When we talk about Privacy Enhancing Techniques (PETs) we often don’t consider what we really mean by “privacy”. We often miss the nuance that “privacy” can come in many different shapes and sizes. Understanding different types of privacy and how to measure them allows us to ensure our data is secure for a given application and can help us select the right PETs to achieve appropriate levels of privacy
Privacy is not a binary concept where a data set is either “private” or not but a much more nuanced idea. Luckily we can measure and quantify different types of privacy. To achieve both high levels of utility and privacy in your data, you need to understand the levels of privacy achieved with each PET application. This allows the trade-off between privacy and utility to be optimised for a given application. While there are large amounts of ways to analyse and quantify the privacy of data sets, there are a few key privacy models that are important to understand.
Our data set
To further explain these privacy models we are going to demonstrate them on an example data set. We can classify each "column" or attribute of this data set as either being a sensitive attribute (SA), identifying (ID), quasi-identifying (QID), or non-sensitive (NS). Generally, SAs are the thing that we are trying to protect, but are often also the attributes that we are hoping to analyse. IDs are direct identifiers (passport numbers, full names, etc.). QIDs on the other hand are attributes such as age and gender that relate to a person. While QIDs are not directly identifying, if a number of them are combined they can be used to identify an individual. For example, it has been shown that it is possible to identify about 87% of the US population by only using their zip code, age, and gender.
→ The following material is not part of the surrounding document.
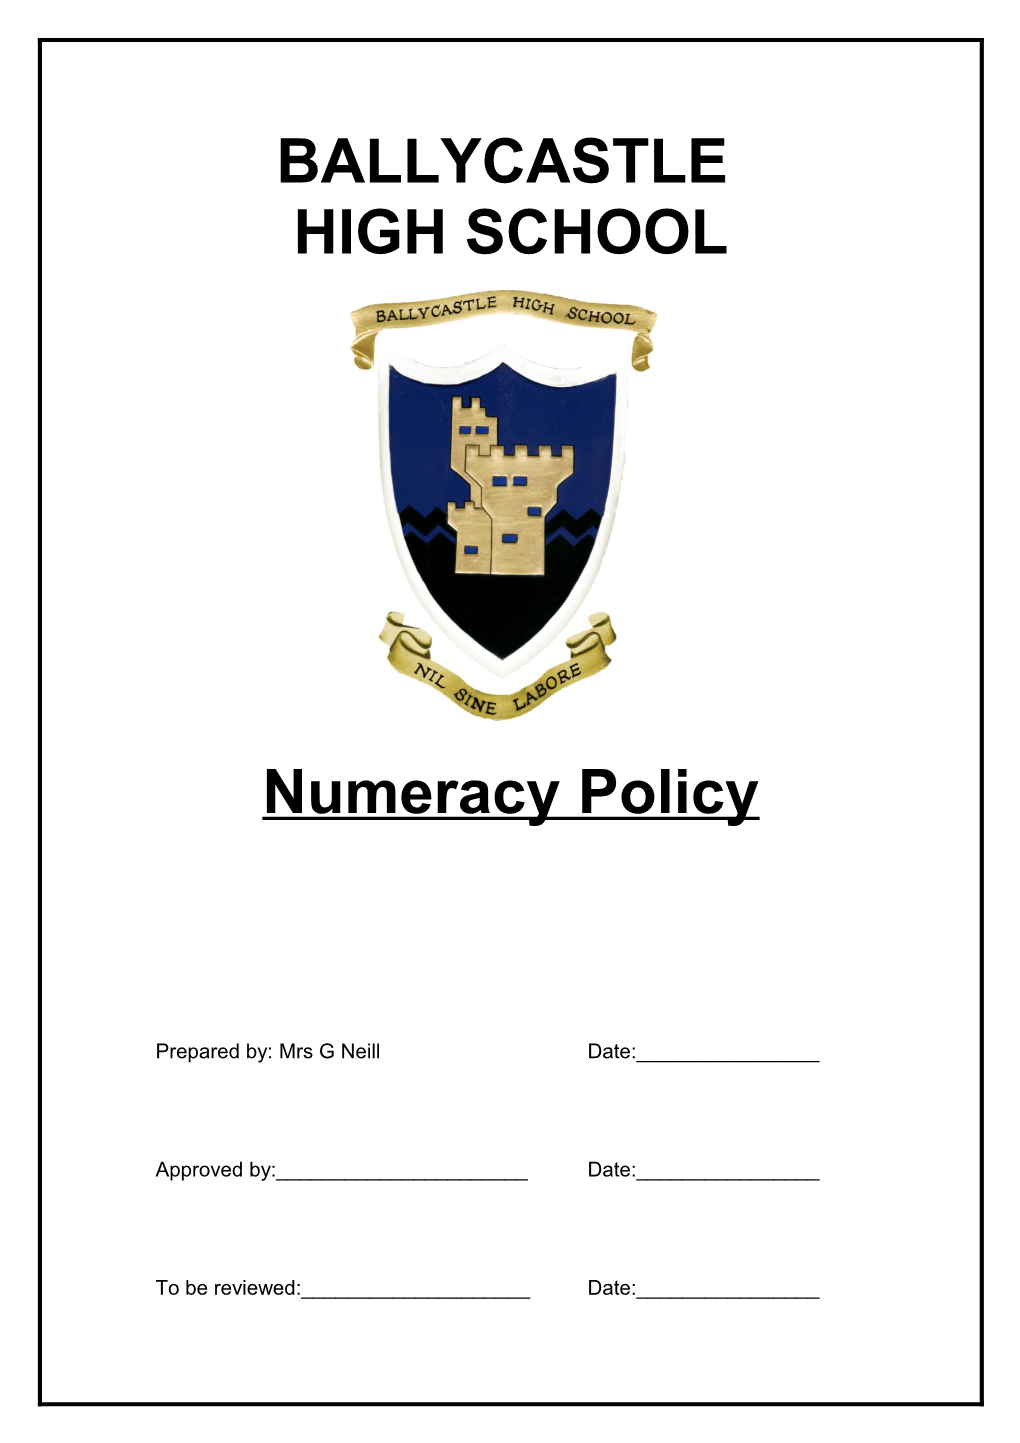 Numeracy Policy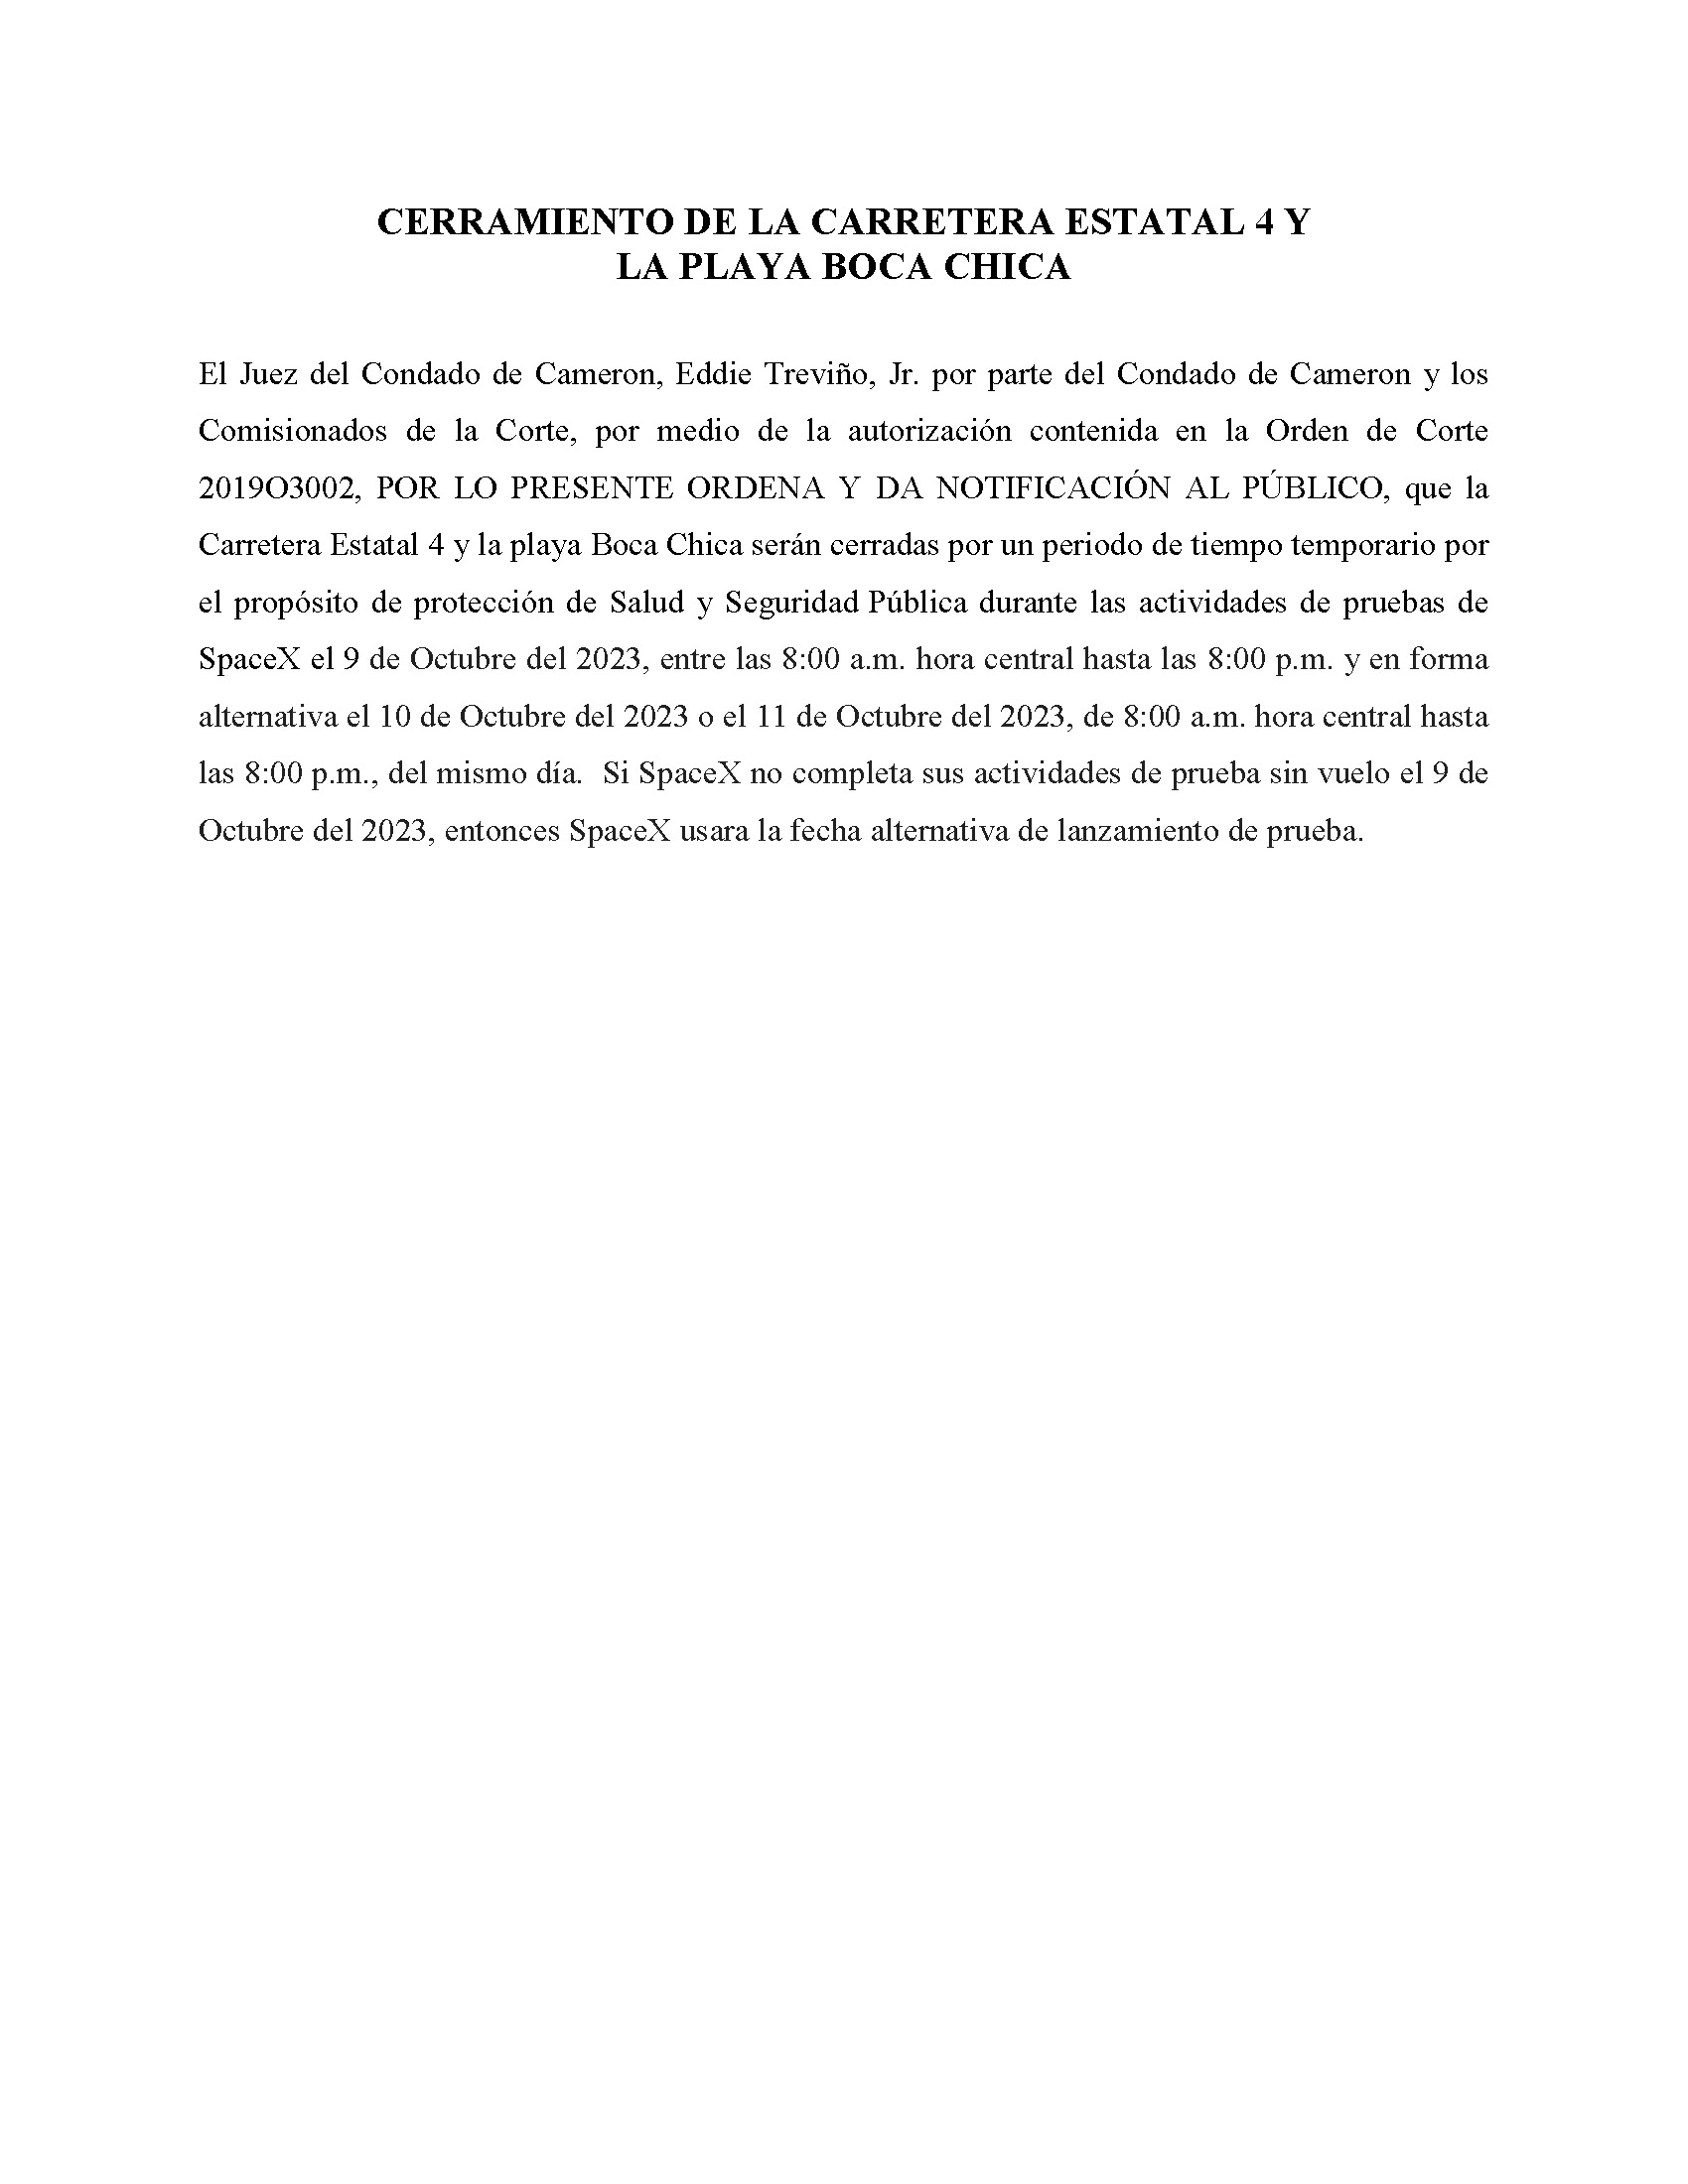 ORDER.CLOSURE OF HIGHWAY 4 Y LA PLAYA BOCA CHICA.SPANISH.10.09.23

Our data set shows what political parties an individual voted for. To improve the privacy of our data we have applied a masking PET to the "Names" and a generalisation PET to the "Age".
We now also consider a possible attack on the protected data using linkage. This is where the attacker knows an individual is included in the data set and has some information about that individual. This sort of information can be gathered from all kinds of public data sources. In this instance, this information might have come from a voter registry.
K-anonymity states that each individual is hidden in a group of k-1 other individuals with the same QID values. The larger the number of individuals in each QID group the higher the privacy as it is hard for the attacker to link any individual to a sensitive attribute.
Considering our data we can determine our k value by grouping our data by our QIDs.
The smallest QID group has only one person in it giving this data set a k value of 1, making this data set 1-anonymous.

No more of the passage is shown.